> TASK DETAILS:
Set every line of the data down again exactly, and keep the pictures out.

> GIVEN MATERIAL:
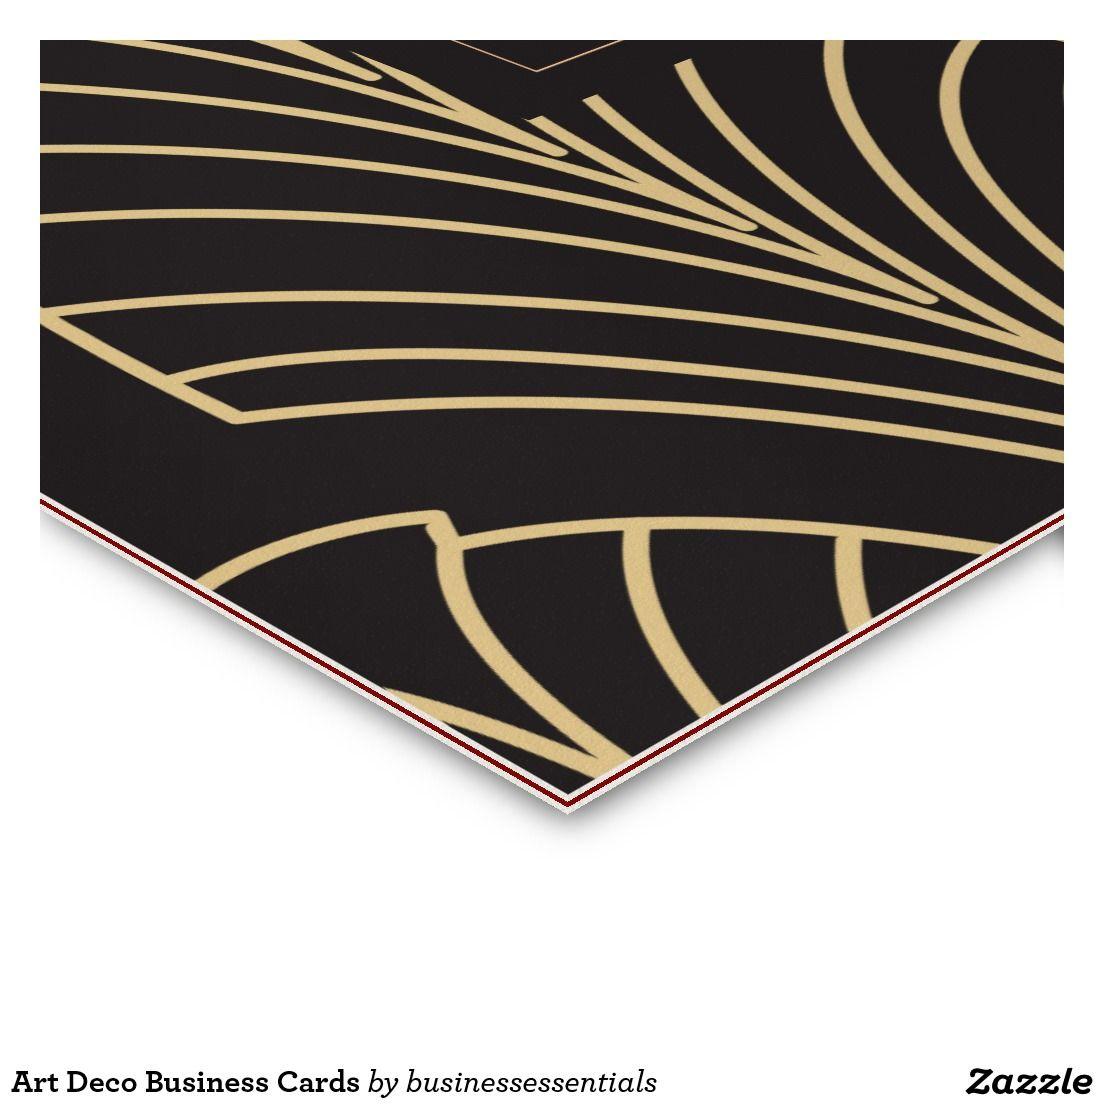 Art Deco Business Cards | BusinessCardChic | Pinterest | Business cards
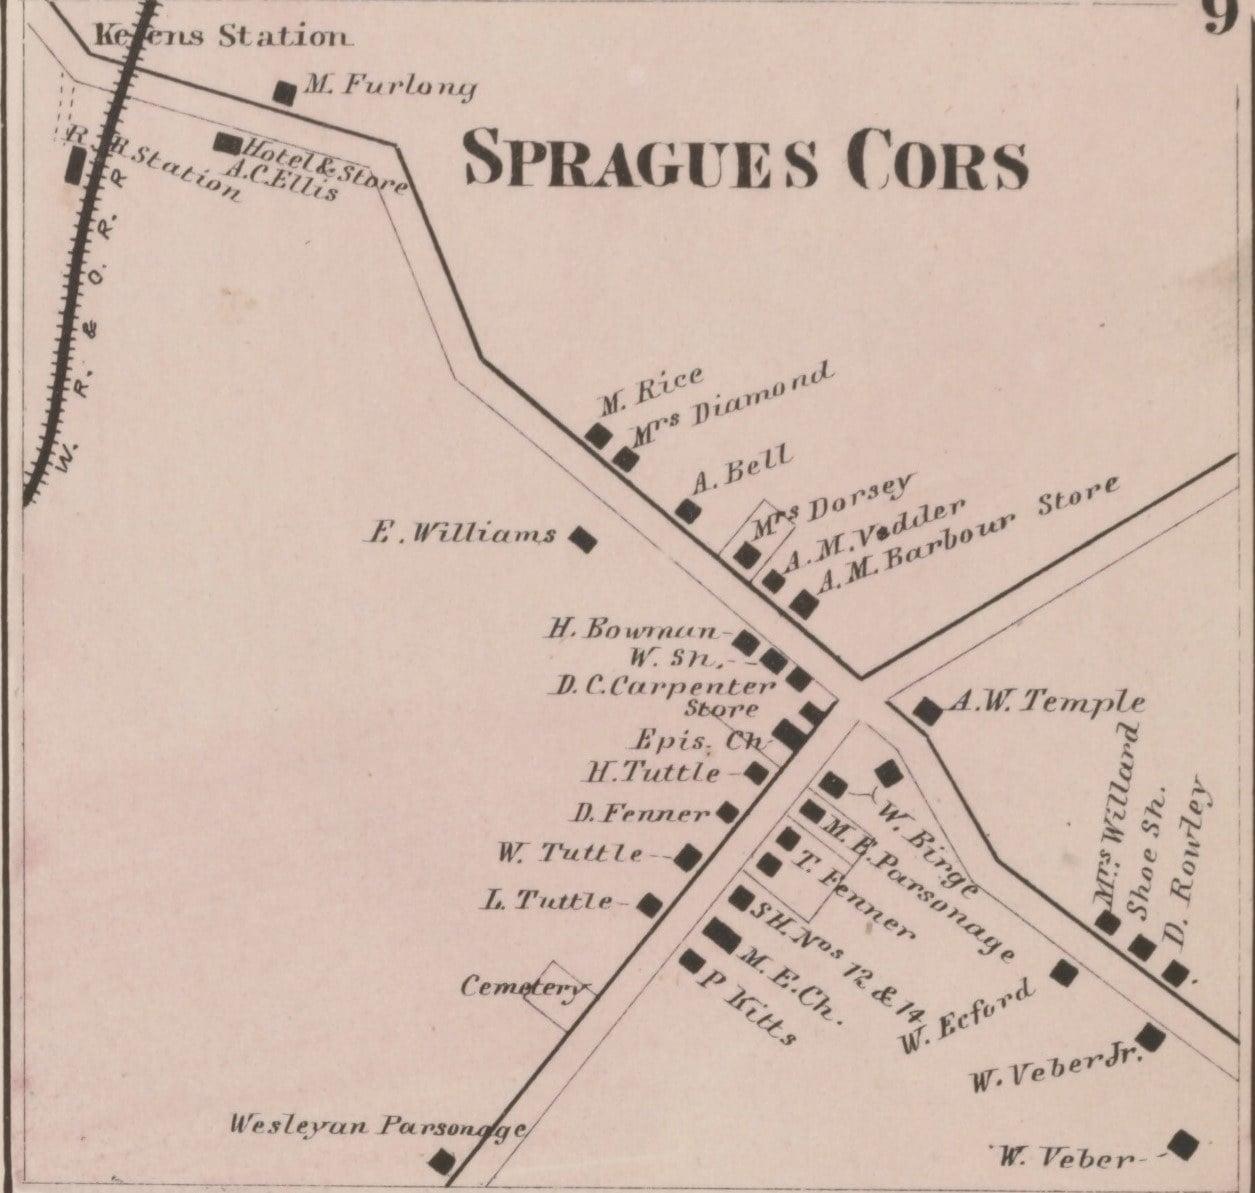 1864 Map of Spragues Corners
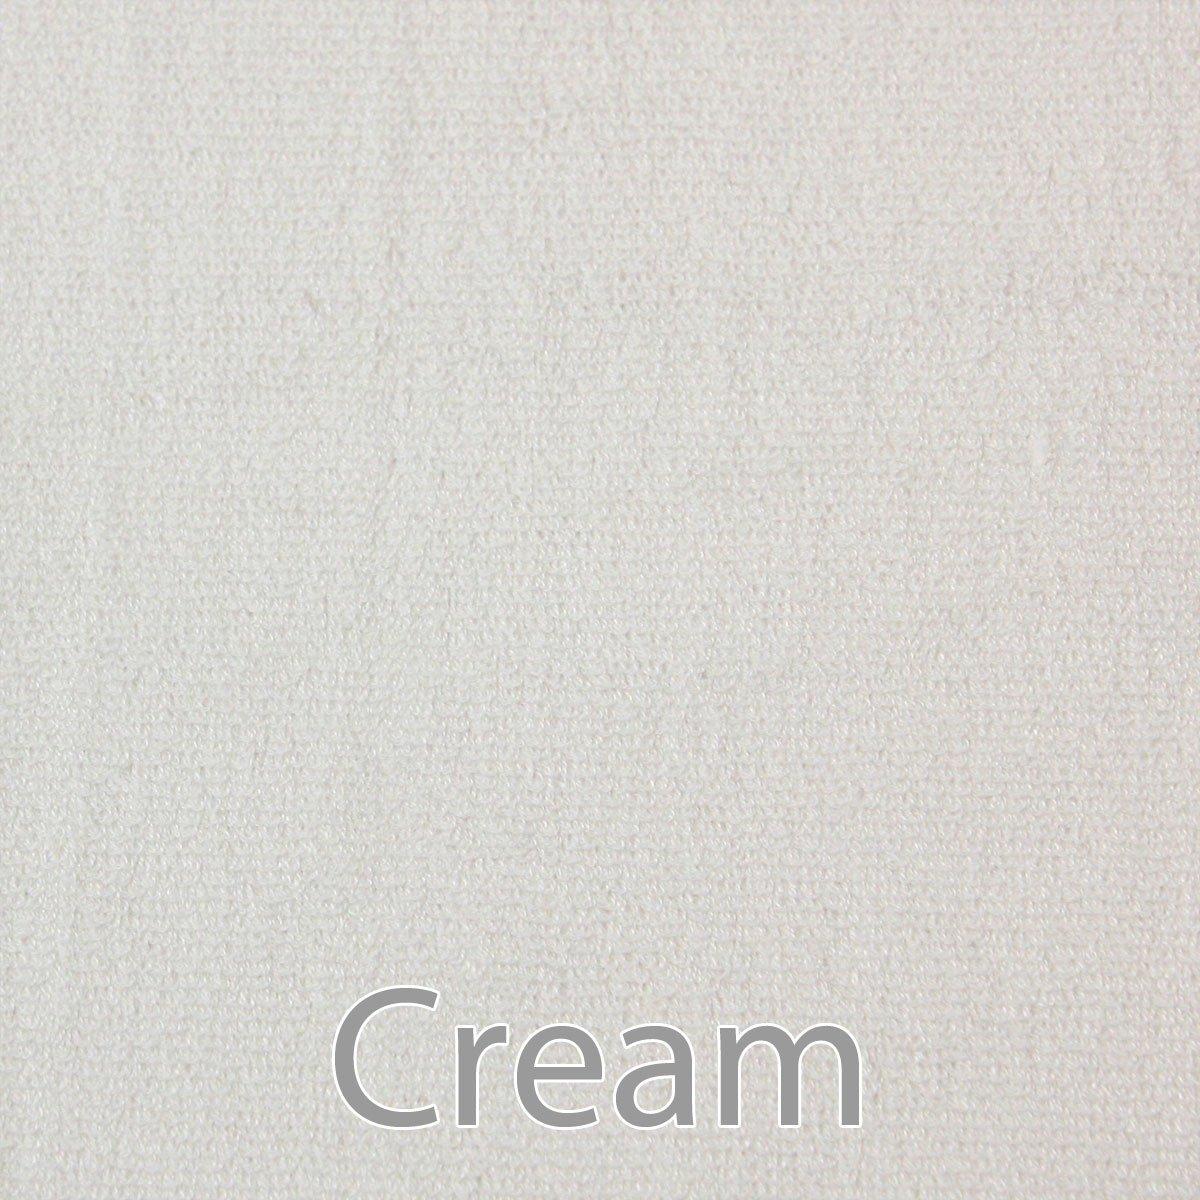 Luxury Spa Ultra Soft 70% Rayon Bamboo 30% Organic Cotton Blend Bath Towel - 2pc - Cream

> ANSWER TO THE EXERCISE:
 Art Deco Business Cards | BusinessCardChic | Pinterest | Business cards
 1864 Map of Spragues Corners
 Luxury Spa Ultra Soft 70% Rayon Bamboo 30% Organic Cotton Blend Bath Towel - 2pc - Cream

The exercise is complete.